Коломбо саркастически ухмыльнулся.
— В объятия Мерседес? Лучше отравленные стрелы антильских индейцев, мачете пуэрториканских головорезов и предательские подводные течения этой огромной реки, впадающей в море за Тринидадом, чем бездонное ложе моей Мерседес!
— Но вы не избежали его, адмирал!
— Ну как же, как же, избежал,— мрачно кивнул Коломбо.— Когда я вернулся, она уже взяла в обычай спать с генеральным штабом в полном составе, включая дежурного поручика.
— Так что вас она оставила в покое!
— Скажете тоже! — Коломбо придвинул к Рохасу пустой бокал.— Она вбила себе в голову, что я сделаю карьеру, что из нее получится госпожа министерша, или госпожа адмиральша, или что-нибудь еще в этом роде. Едва лишь я реабилитировал себя перед королевой и очистил себя от клеветы, едва Фердинанд наградил меня за услуги, она снова погнала меня на службу, на подвиги, на незабываемые деяния.

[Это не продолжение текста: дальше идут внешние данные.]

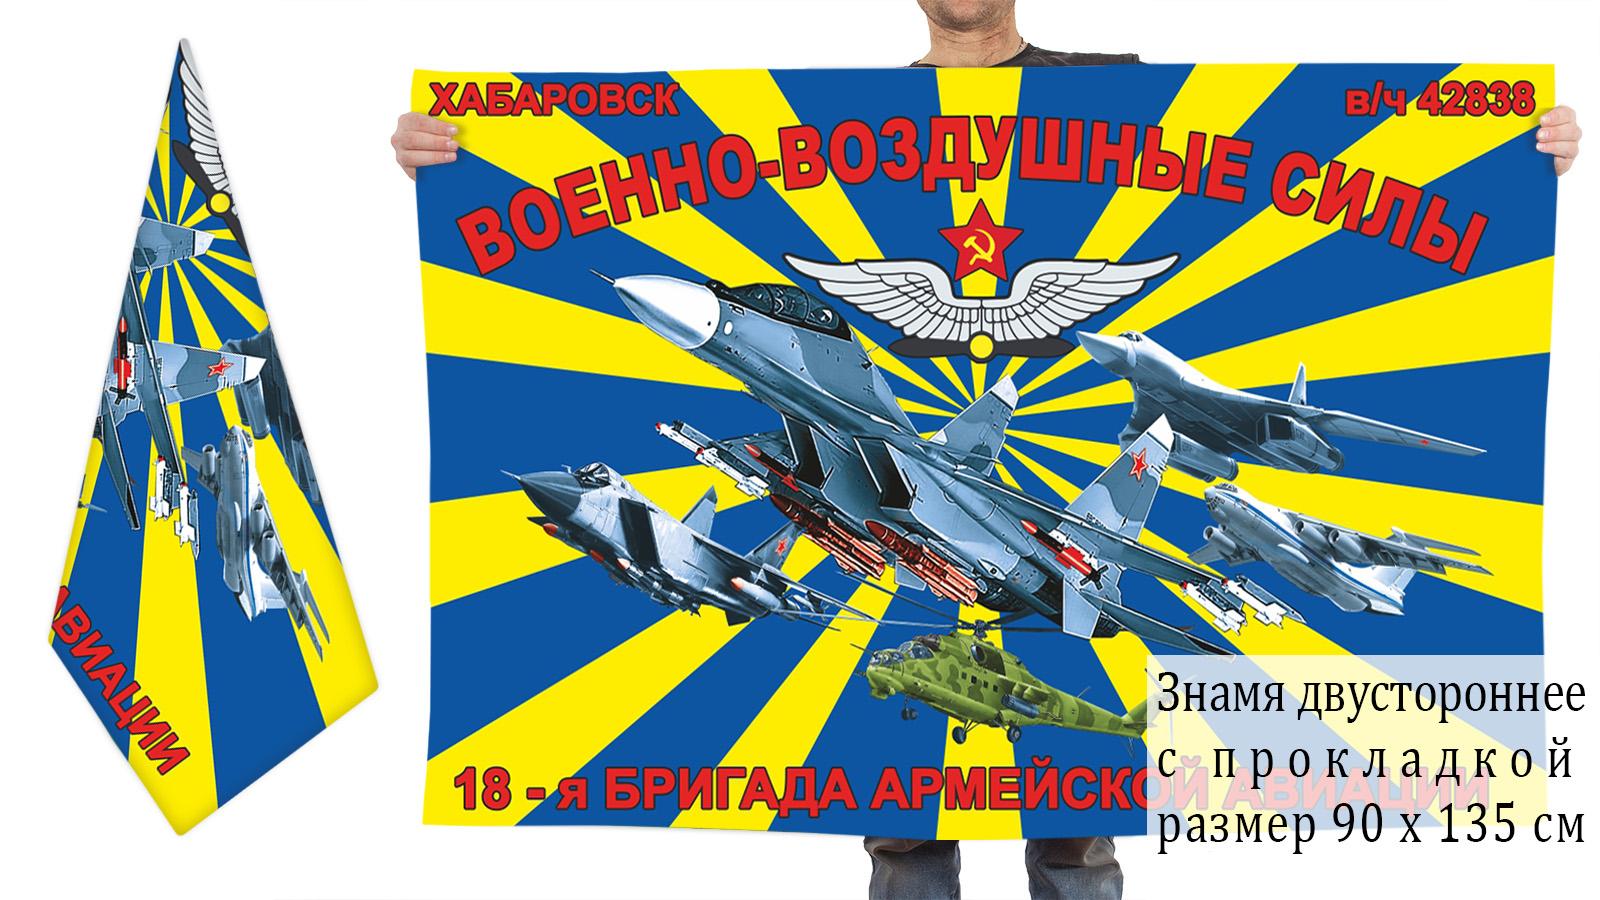 Заказать двухсторонний флаг 18-я бригада армейской авиации ВВС

— И вы снова оказались в море.
— Да, проклятая шлюха. Один раз я вышел в море с шестью кораблями из Сан Лукара де Барамеда, во второй раз — с четырьмя. Взял с собой Диего, моего мальчика. Внебрачного. Целые недели мы играли в кости.
— А слава?
— Слава?! Какая слава?! Вы, я вижу, совсем меня не слушали, сеньор! Слава меня сроду не интересовала! Я хотел покоя! Ничего иного, кроме благословенного покоя! Всю жизнь я мечтал о покое! Пусть бушуют волны, смерчи и ураганы, пусть дикари осыпают нас ядовитыми стрелами и дротиками, пусть нас разобьет о незнакомые рифы в тысячах миль от дома, пусть нас убивают, пытают, предают и судят — но только, ради всего святого, дайте мне капельку покоя! Неужели я не заслужил его за всю свою жизнь?!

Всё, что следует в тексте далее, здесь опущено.